A s far as courses are concerned, I have realized that the more high-level Math courses I take, the less they relate to any aspect of Computer Science and the less they seem helpful to anything I do outside the classroom, even if it is technical. Take Group Theory for example: we study groups (sets together with an addition-like operation), rings (sets together with an addition and a multiplication-like operation) and fields (sets together with basic operations, just like the ones you’ve been almost unconsciously using since grade 1). Of course, the material is not that easy because otherwise I wouldn’t be complaining about it. There are literally hundreds of theorems that you have to be familiar with, few of which are applicable to a wide collection of problems. Unfortunately, there are few standard methods that you can use to solve problems, as opposed to first-year Calculus, where you had a “standard” arsenal of techniques that could solve 90% of your problems — I mean math ones. In Group Theory it seems to me so far, after 1.5 semesters in this year-long course, I haven’t used the same technique in more than one problem — it’s fascinating, the complete opposite of what I think of the material.

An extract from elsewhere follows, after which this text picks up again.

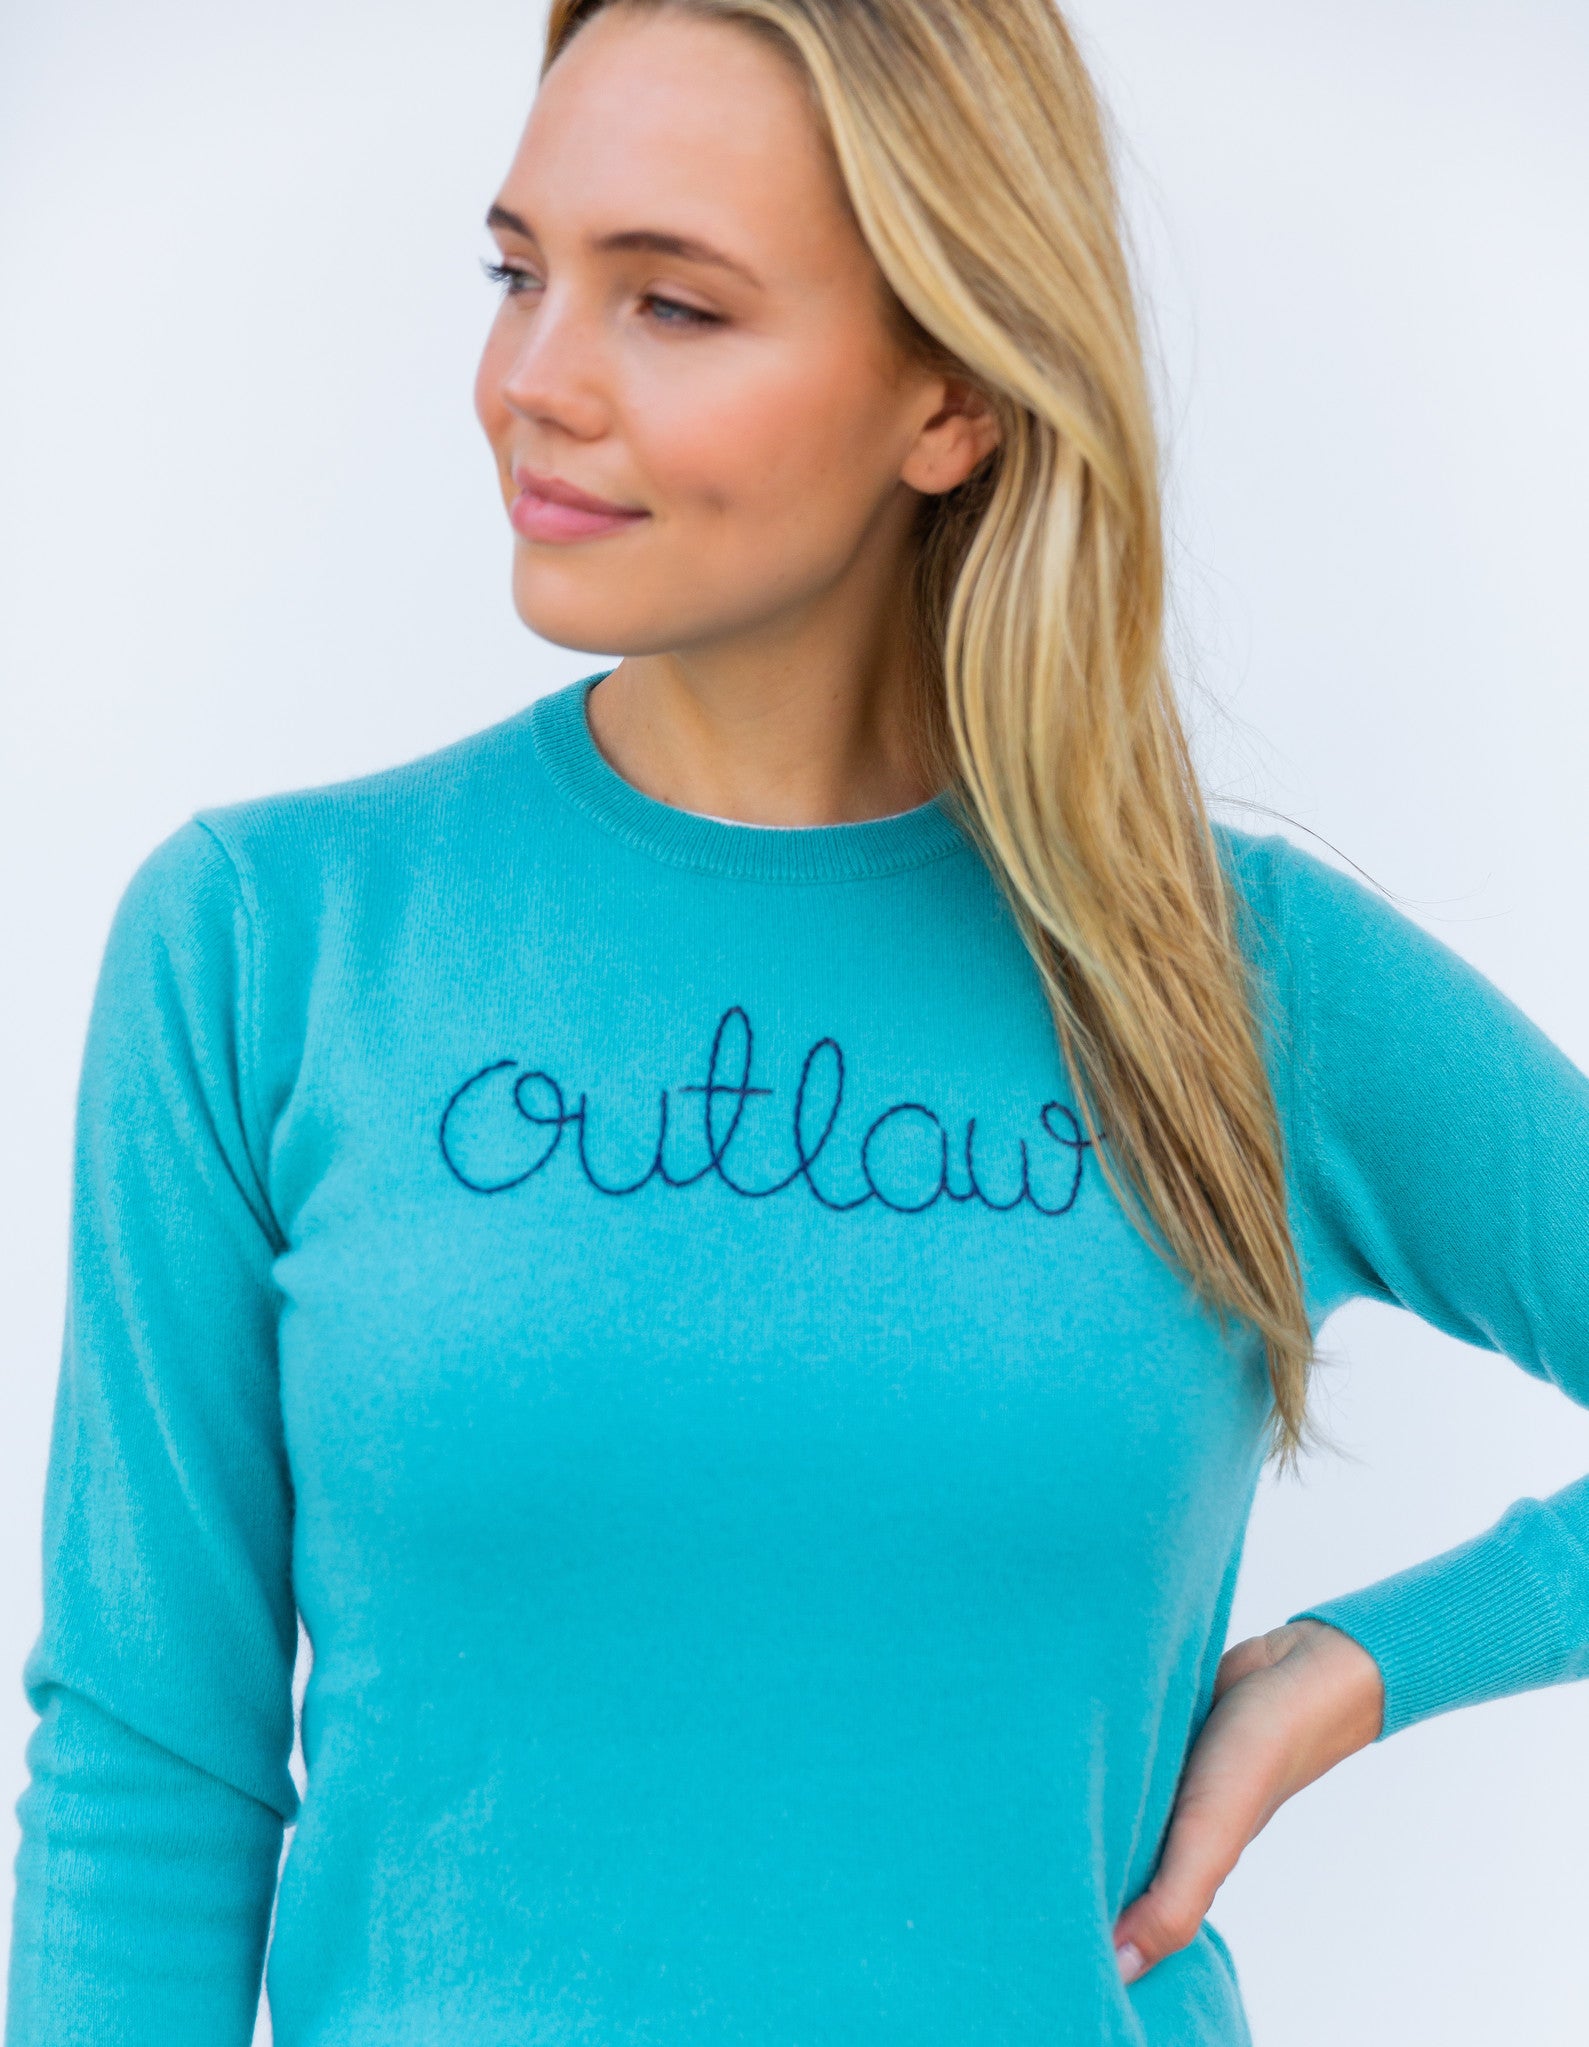 Outlaw L/S - Teal

And then of course, there is Real Analysis. I frequently think that the very reason I decided to study Math together with CS was Analysis. But taking this course is really testing my will. We have been studying convergence of sequences of functions and then measurability and Lebesgue integration. Again, I have to admit: this material is extremely interesting, but there is an asterisk at the end of that phrase saying “if you want to be a mathematician,” written in tiny font.

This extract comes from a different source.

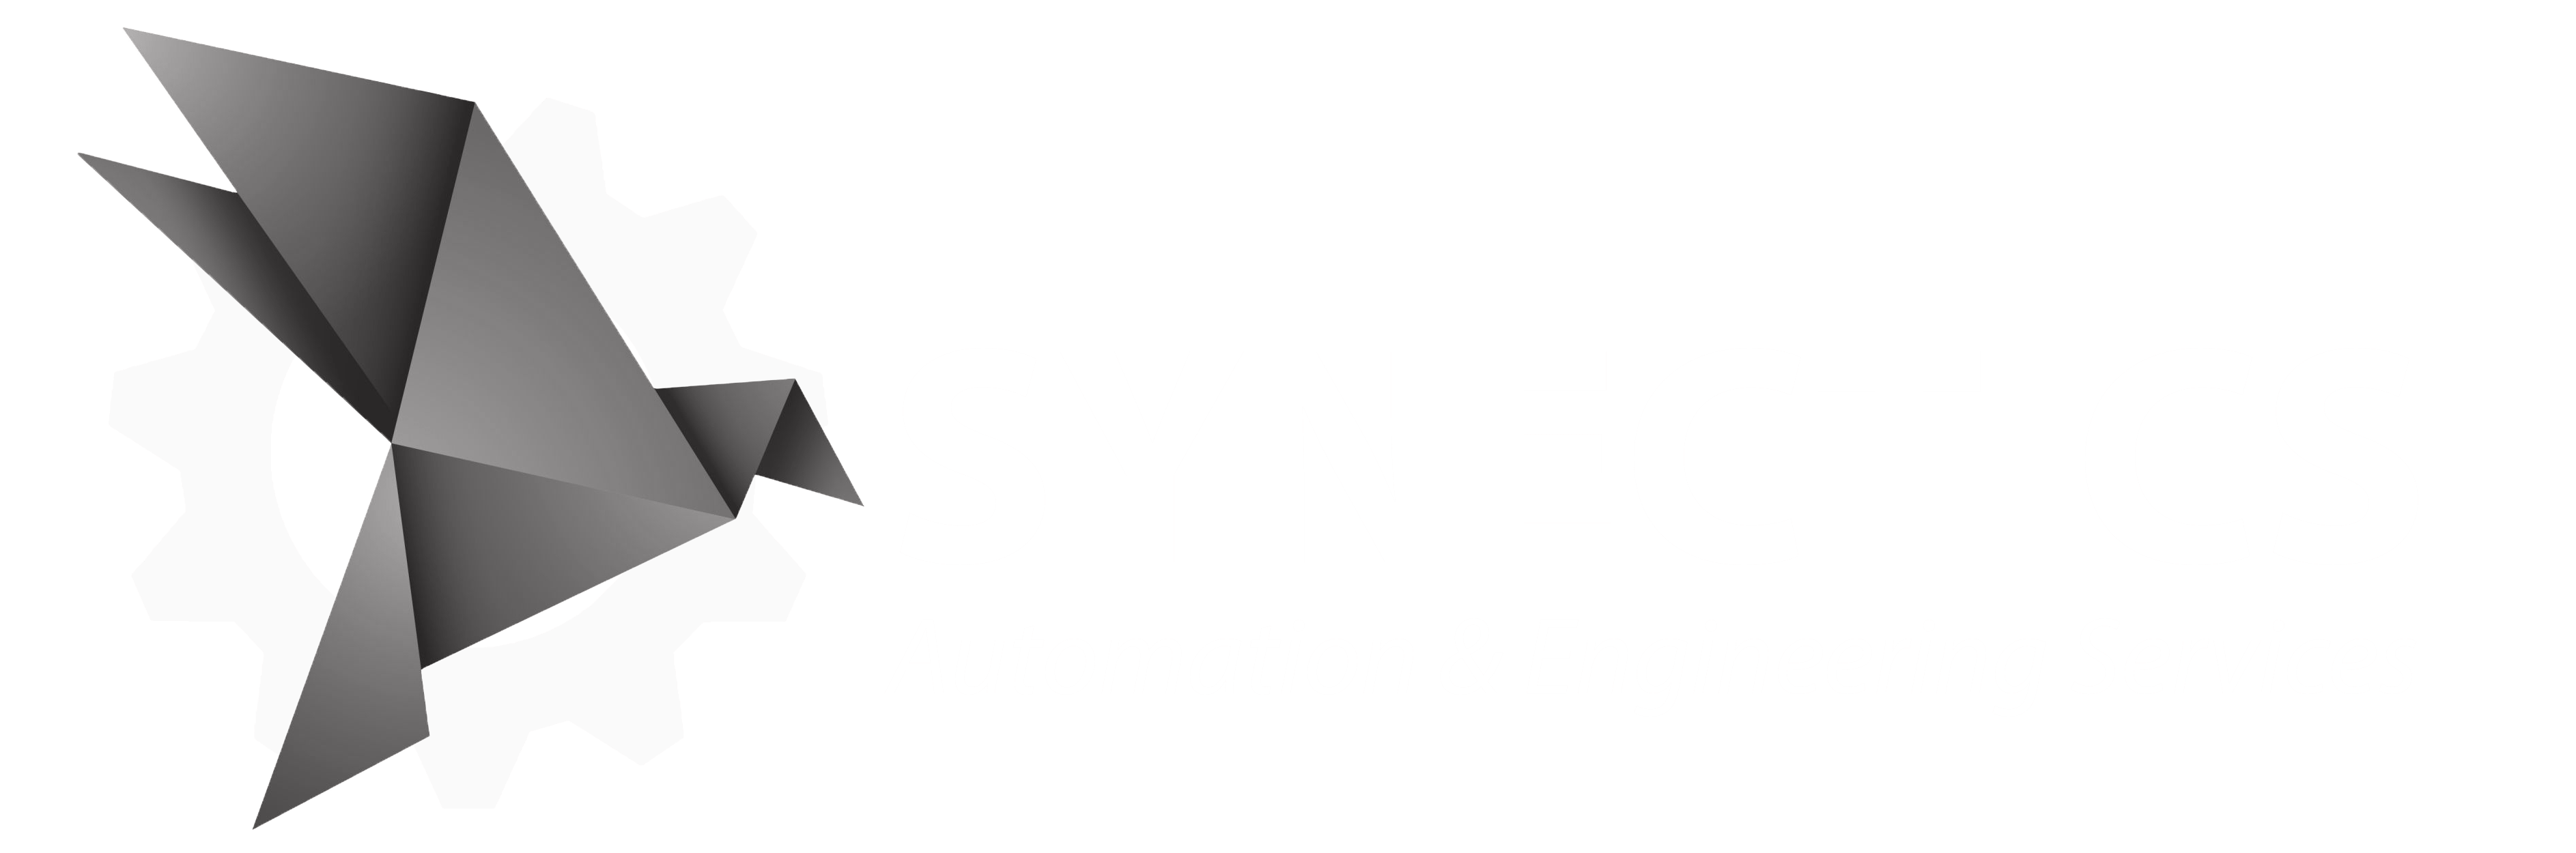 Synectics Automation & Engineering Services

That’s what the people who design programs of study that combine a major in X with Math have got wrong, in my opinion. Including these courses in programs of study for non-mathematicians does indeed guarantee that their preparation in math is solid, but it does not attempt at all to teach math skills that might be somewhat applicable to discipline X. For instance, if Johnny is doing a double specialist in Comp Sci and Math then why not teach Johnny material that might help him in his main course of study, say Combinatorics or Graph Theory or Linear Programming & Network Flows, or Discrete Math, or Number Theory or something that will be more than just another course to him. Because when Johnny decided to include math in his studies, I’m sure he didn’t do it just for the “coolness” of it, or just because math is “generally interesting and useful.” No! It has to be interesting and useful to Johnny, by supplementing his studies in CS with a more theoretical preparation.

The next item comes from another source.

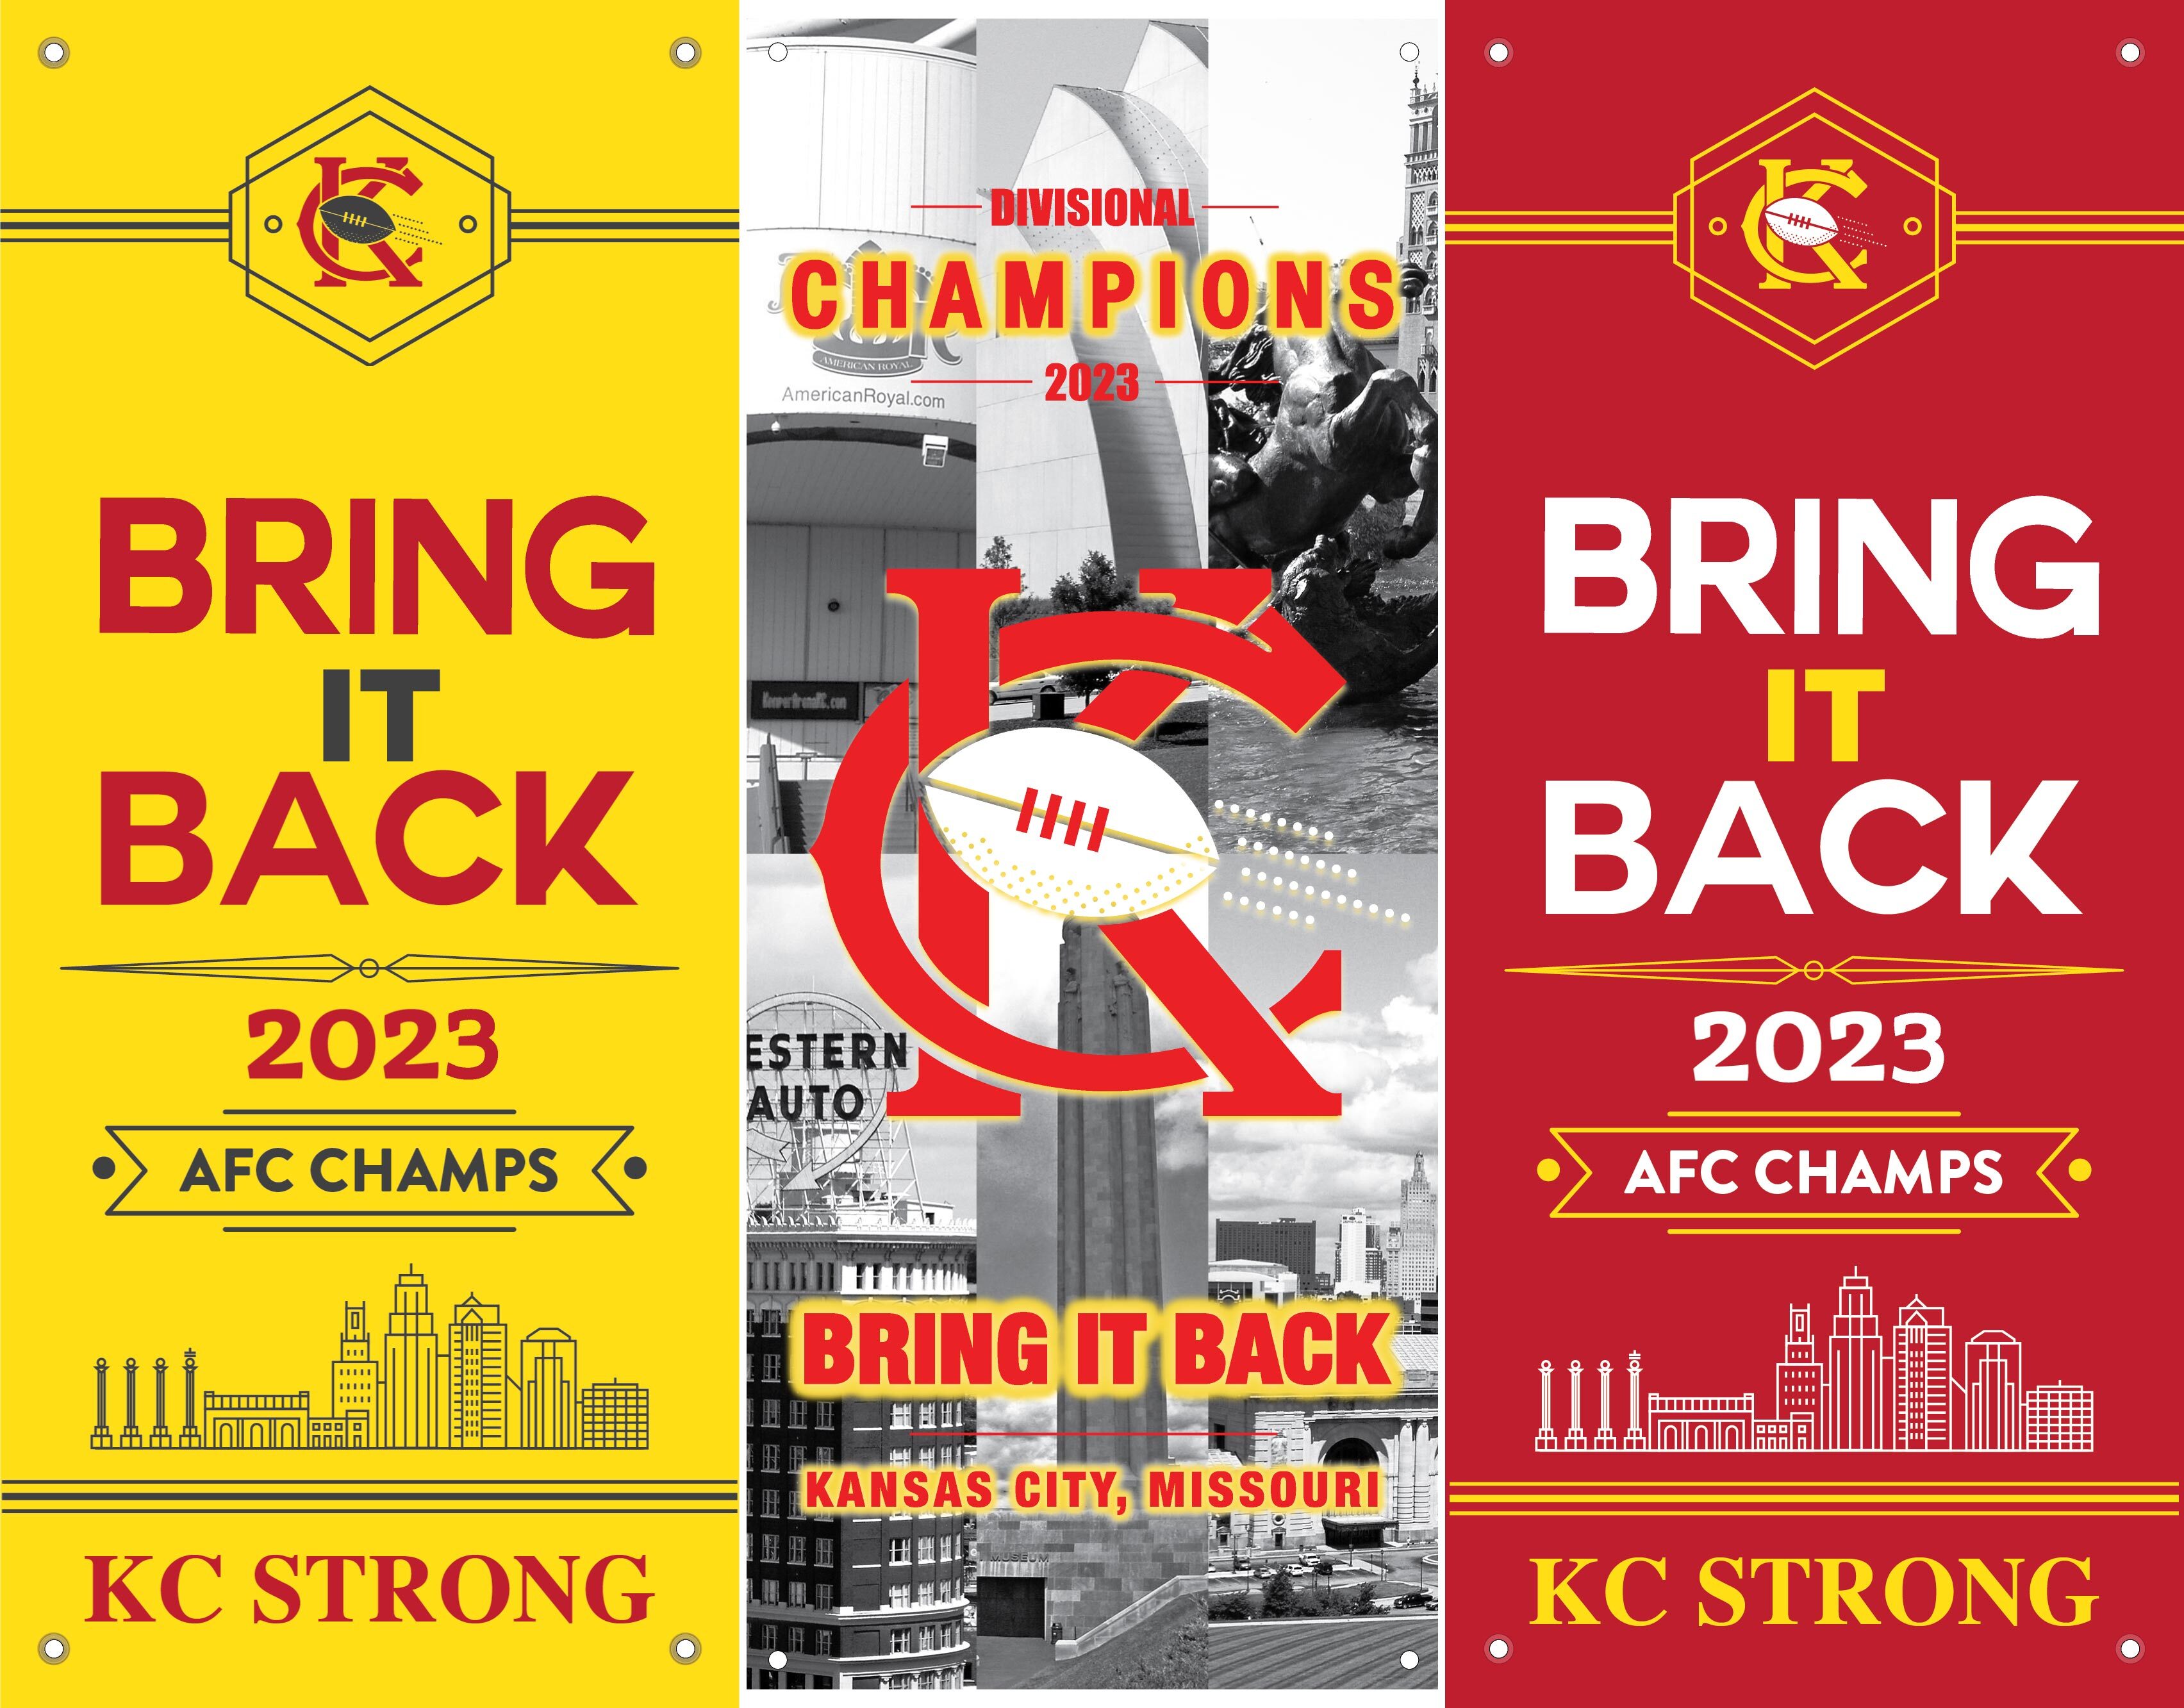 3 - "BRING IT BACK"  CHAMPIONS Banners

So, after three years the time to decide which rabbit to chase finally came, and I chose Comp Sci, simply because at this point, even a Hello World program seems more creative and practical and constructive than studying material whose homework requirements outweigh its benefits by miles. Don’t worry though, I haven’t become soft and whiny yet; I can still handle hard times. The fact that I haven’t changed my program of studies and I am still trying proves that. Nevertheless, the requirements of these courses are starting to become scary –maybe it’s time to hug my mom. Yes, that will fix everything, for sure.